MVCC in Hyperledger Fabric

Multi-Version Concurrency Control (MVCC) is a family of techniques that let many transactions run at the same time while still preventing inconsistent updates.

The core idea is thus when you read a record, you read it’s value and version. Later, when you try to commit an update, the system checks whether the record is still at that same version. If someone else updated it first, your commit is rejected.

A practical analogy is a Git workflow. You check out a commit, edit a file, and prepare a merge. If the file changed on main since your checkout, Git refuses a clean merge and forces you to reconcile. MVCC is doing the same thing for key-value state (you built your update on an older version, can’t apply it as is).

In Hyperledger Fabric, MVCC is best thought of as optimistic, version based validation tied to it’s transaction model, where endorsers simulate against a snapshot and capture which committed version they depended on, committing peers later check those versions haven’t changed. If they have the transaction is deterministically invalidated during validate/commit.

Execute, Order, Validate

Fabric executes chaincode before ordering. Endorsing peers simulate the transaction and produce a read-write set (RWSet), which is then sent to the ordering service and later validated/committed by all peers. The official transaction-flow description is explicit that endorsers “execute … against the current state database to produce … read set, and write set” and that “no updates are made to the ledger at this point.”
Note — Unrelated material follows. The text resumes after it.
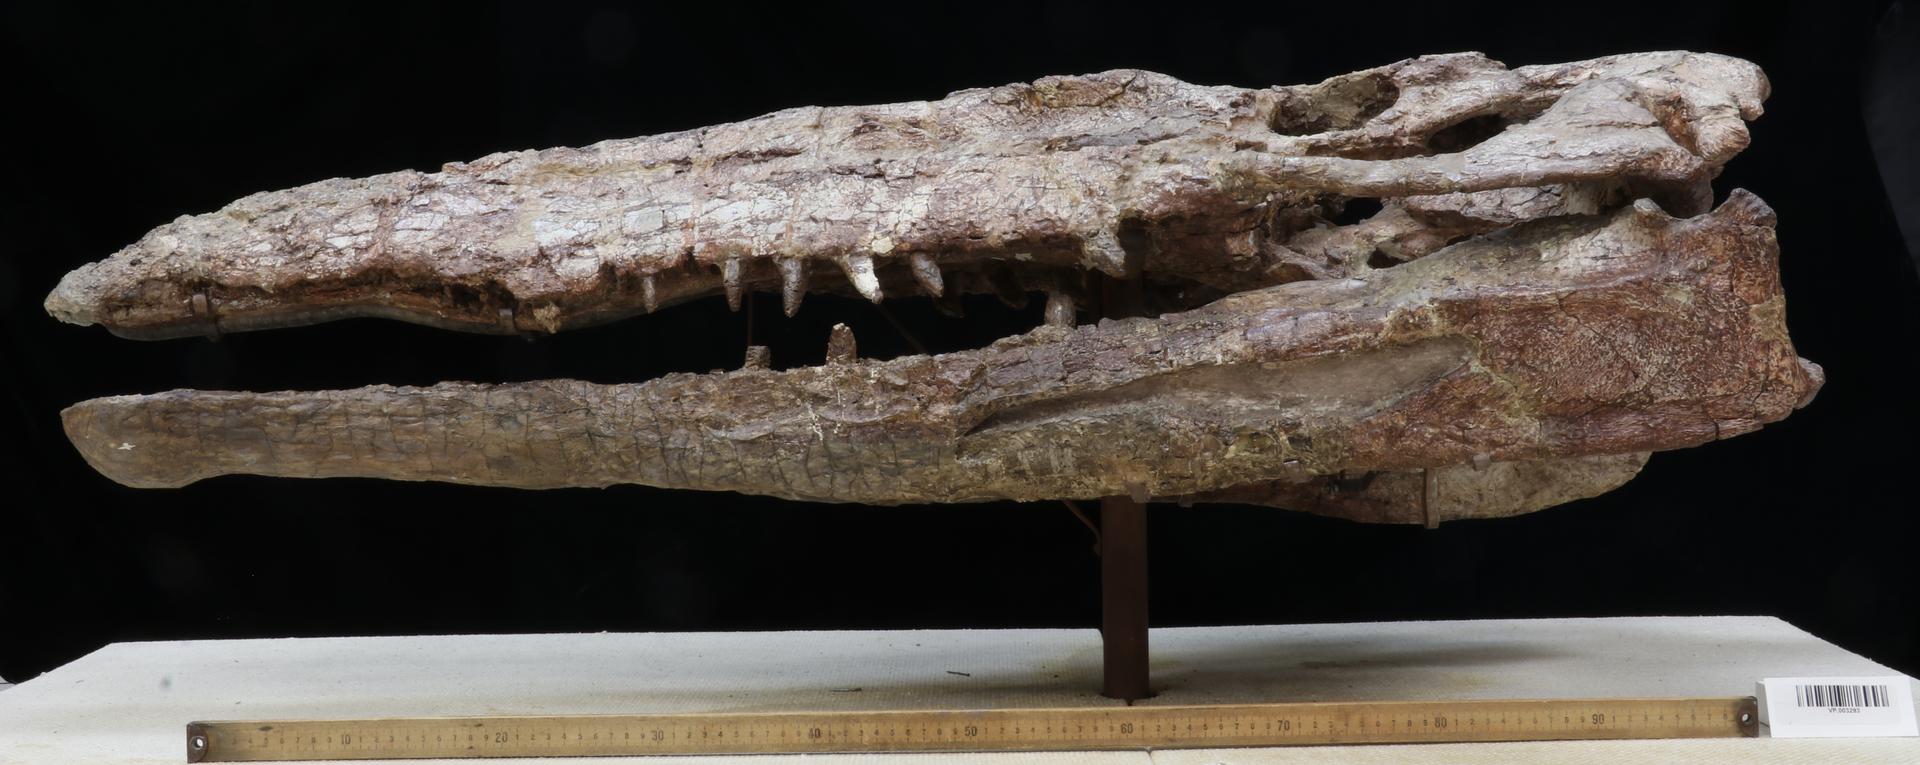 Photograph of the mounted skull of a phytosaur from the Triassic of east-central New Mexico. The skull is shown from the side. It is flattened and elongated with pointed teeth. The eyes were near the top of the head.
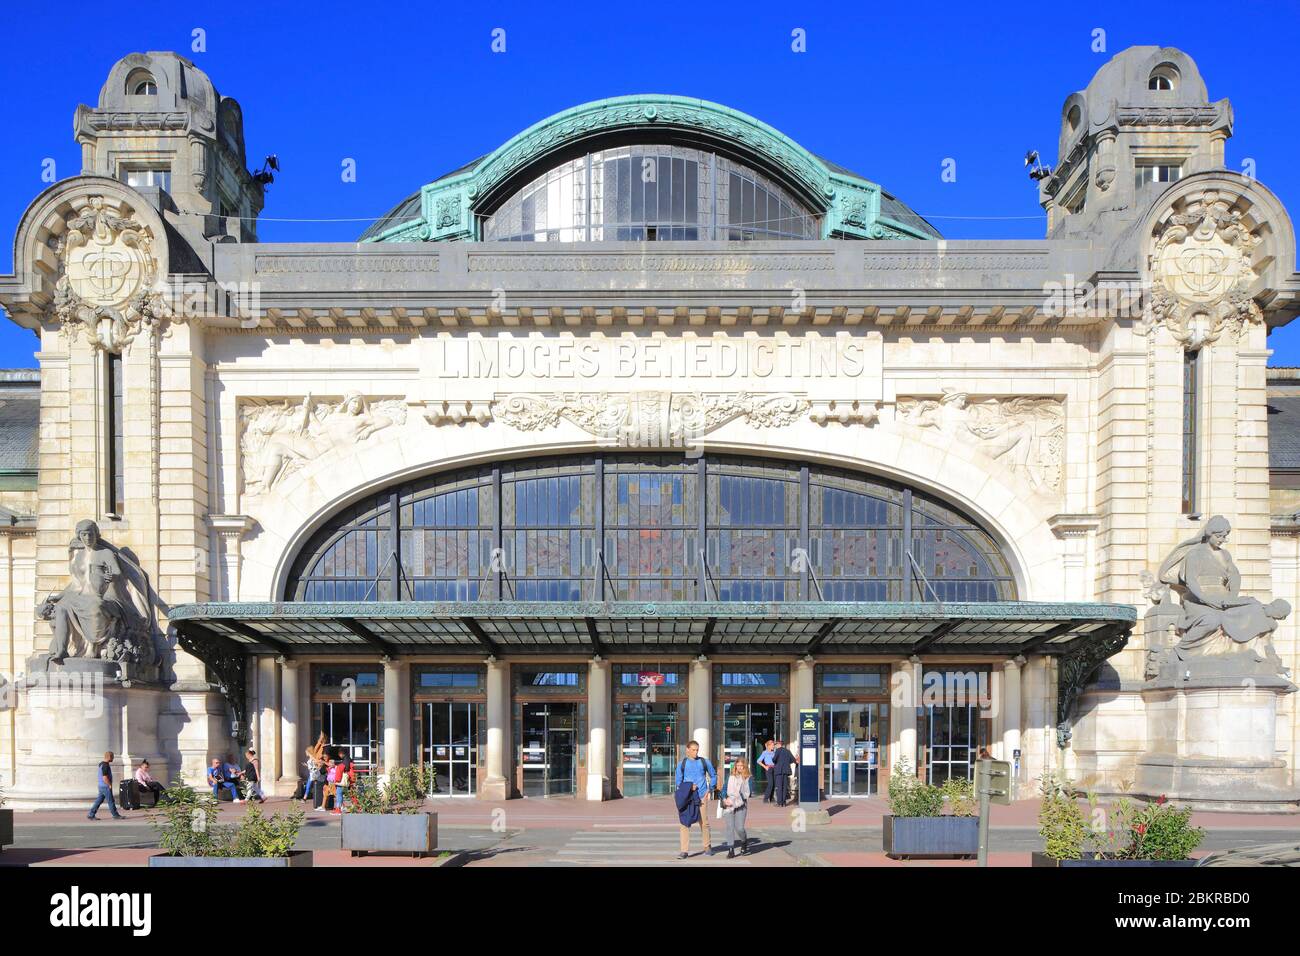 France, Haute Vienne, Limoges, Limoges Benedictins train station inaugurated in 1929 and eclectic masterpiece of regionalist architecture with a mixture of late Art Nouveau, Art Deco and neoclassicism, main entrance Stock Photo

That design buys throughput because simulations can run in parallel across peers and clients. It also creates the central risk: two transactions can be simulated against the same snapshot of world state, both appear internally consistent during simulation, and only later collide when the network tries to commit them in a single, total order. Fabric resolves that collision deterministically in the validate phase by applying MVCC checks at commit time.

sequenceDiagram
    participant Client
    participant Endorser as Endorsing Peer
    participant Orderer
    participant Committer as Committing Peer

    Client->>Endorser: Proposal
    Endorser->>Endorser: Simulate against current world state
    Endorser->>Endorser: Build RWSet
    Endorser-->>Client: ProposalResponse

    Client->>Orderer: Submit endorsed transaction
    Orderer->>Orderer: Total order + batch into block
    Orderer-->>Committer: Deliver block

    Committer->>Committer: VSCC
    Committer->>Committer: MVCC
    Committer->>Committer: Apply WriteSet for valid txs, tag invalid txs

Kwame transfers tokens

Assume an account-based token chaincode where balances live in world state as keys:

bal:kwame -> 100
bal:barma -> 5

Kwame submits a transfer of 60 tokens to Barma. The chaincode does the typical read, modify, write:

Read bal:kwame and bal:barma
Check kwame >= 60
Write new balances

What gets recorded during simulation

During simulation at an endorser, the read-set records the keys read and their committed version numbers, the write-set records the keys written and their new values.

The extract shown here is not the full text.